YOUR OBJECTIVE:
When a picture appears in the listing, leave it out and copy the rest exactly as it stands.

(DATA SHOWN)

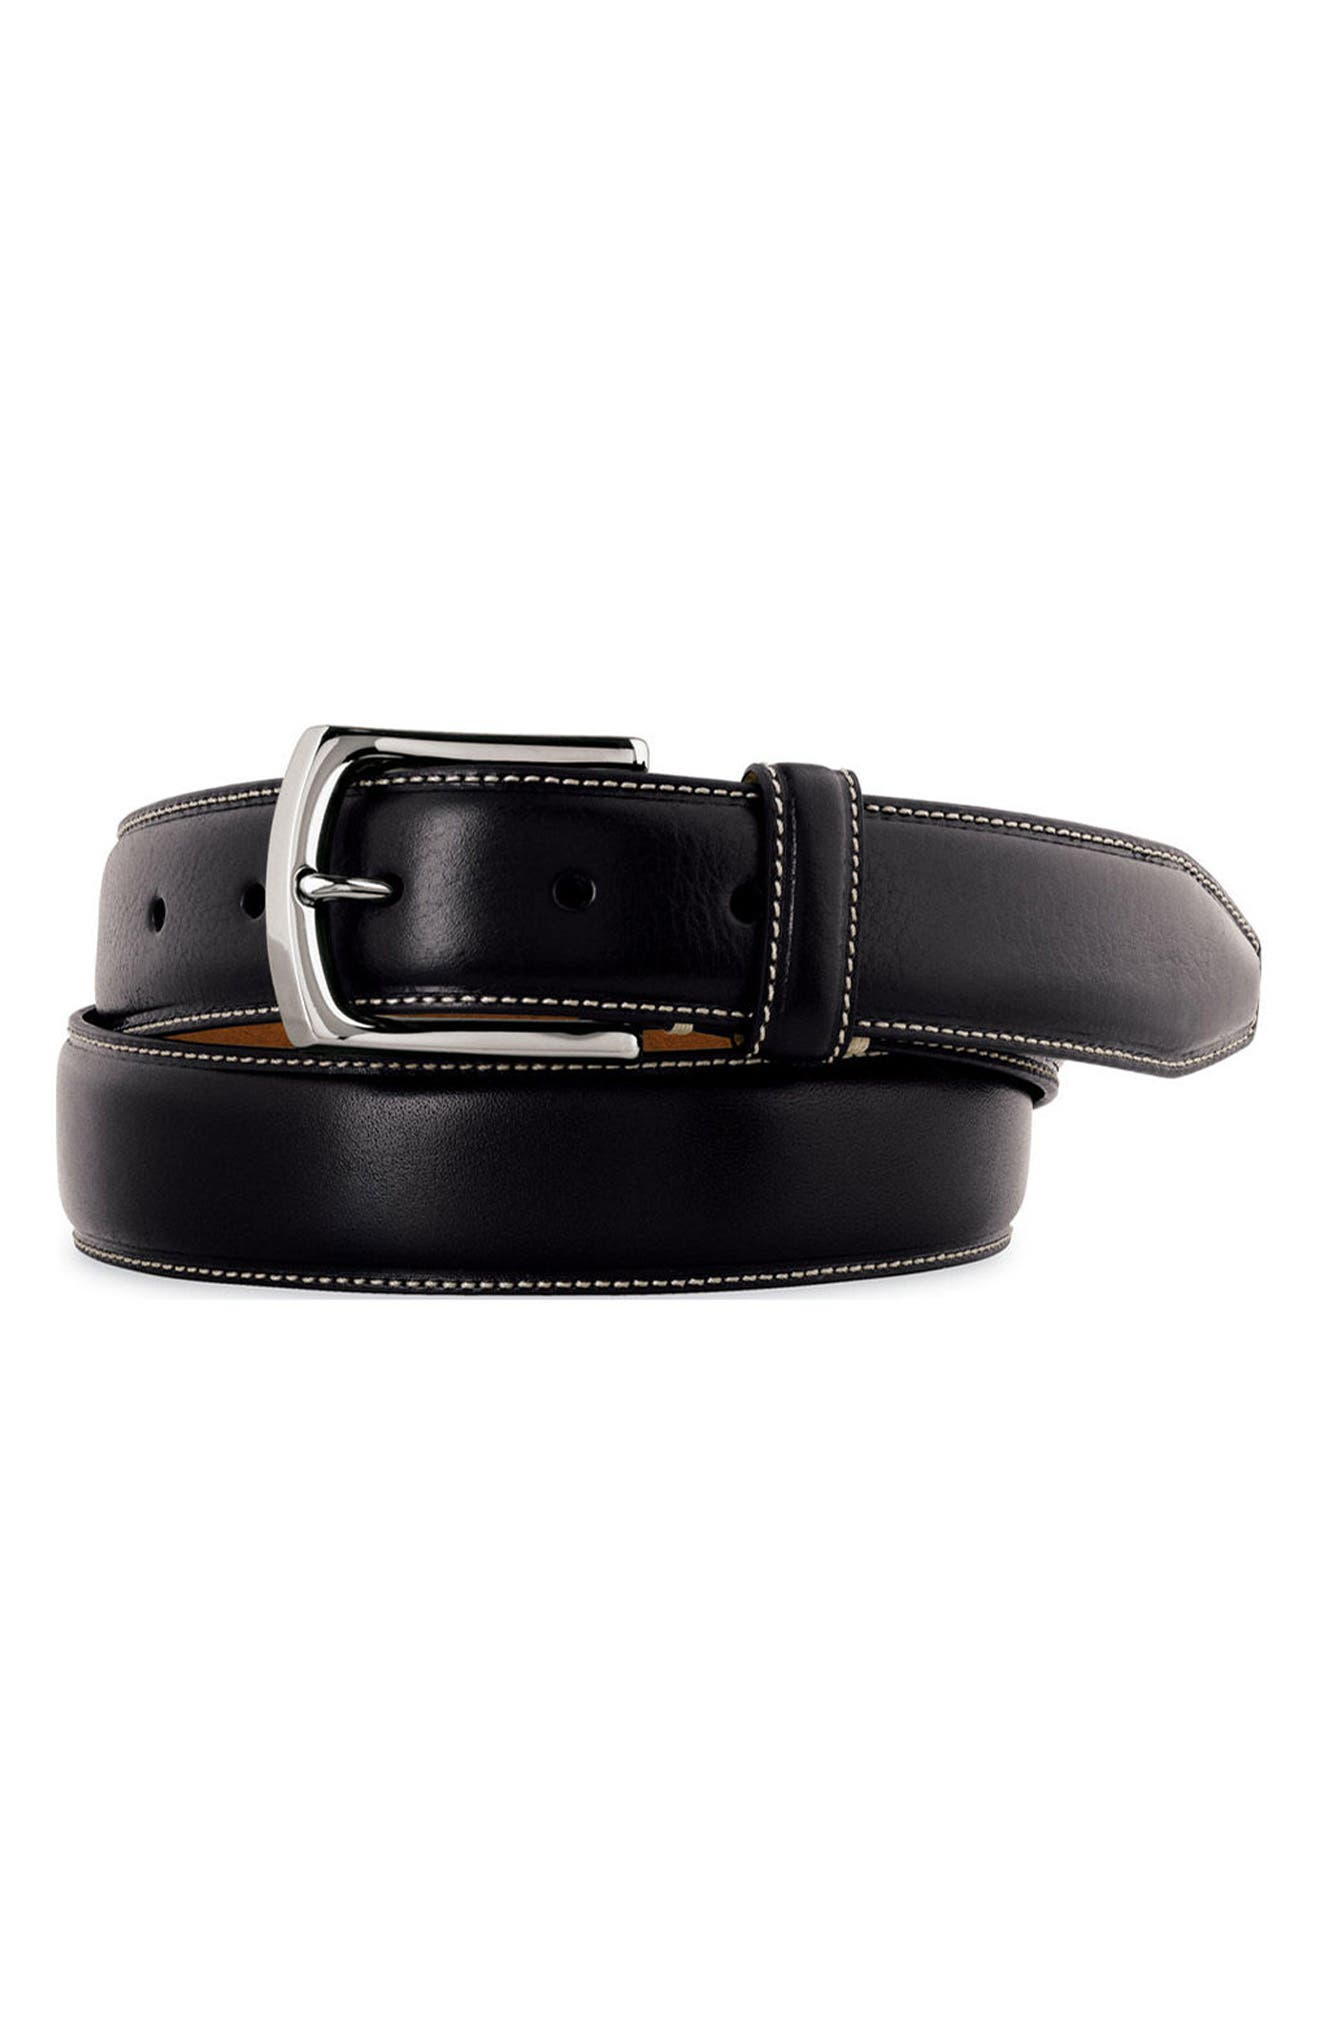 Johnston & Murphy Calfskin Leather Belt, Black
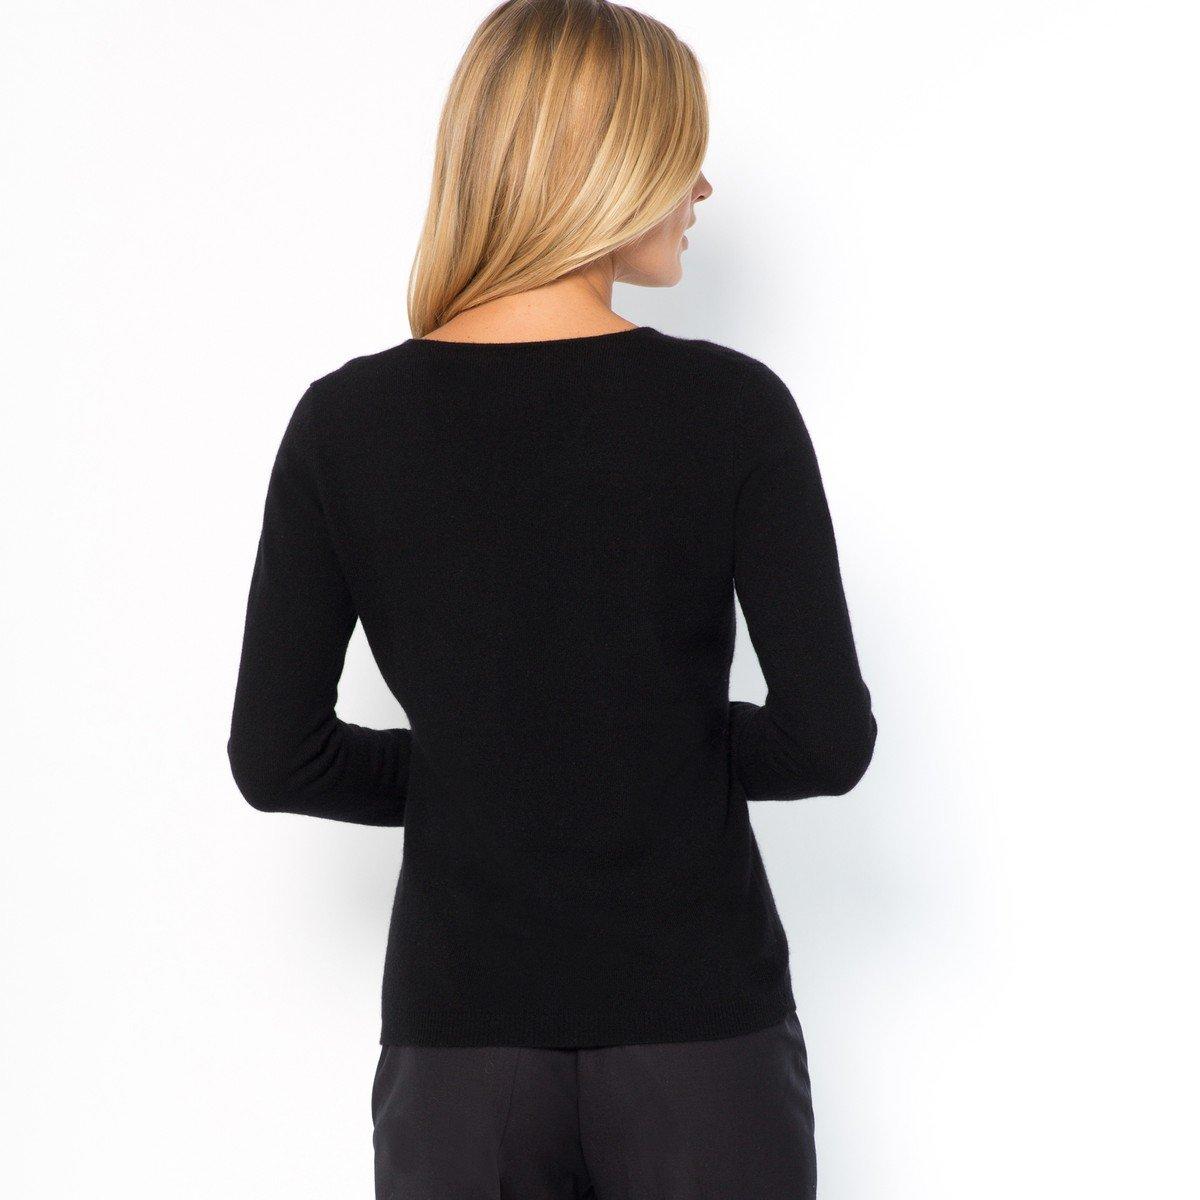 La Redoute Womens Fine Knit Cashmere V-Neck Jumper/Sweater Black Size Us 16/18 - Fr 46/48 by La Redoute (Image #2)
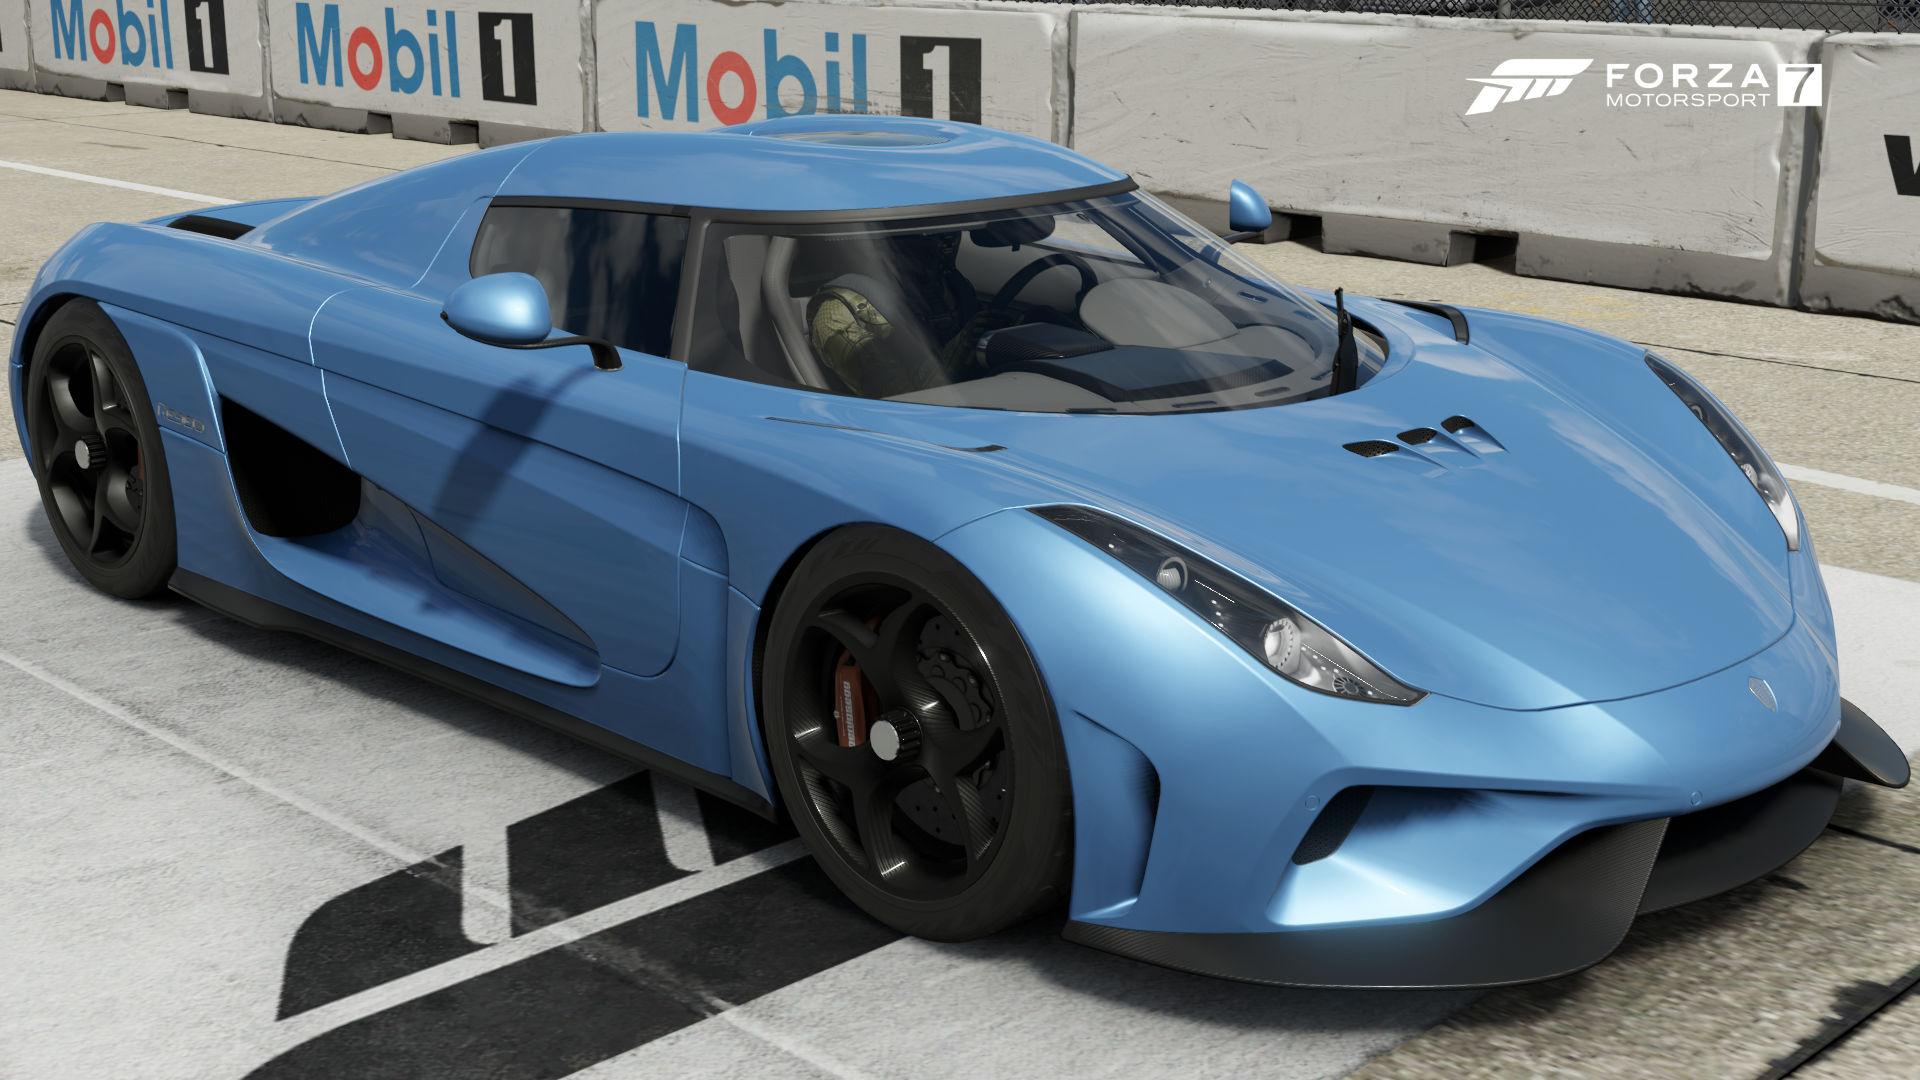 Image FM7 KoenigseggRegera Frontjpg Forza Motorsport Wiki

(End DATA SHOWN)

ANSWER TO THIS PROBLEM:
 Johnston & Murphy Calfskin Leather Belt, Black
 La Redoute Womens Fine Knit Cashmere V-Neck Jumper/Sweater Black Size Us 16/18 - Fr 46/48 by La Redoute (Image #2)
 Image FM7 KoenigseggRegera Frontjpg Forza Motorsport Wiki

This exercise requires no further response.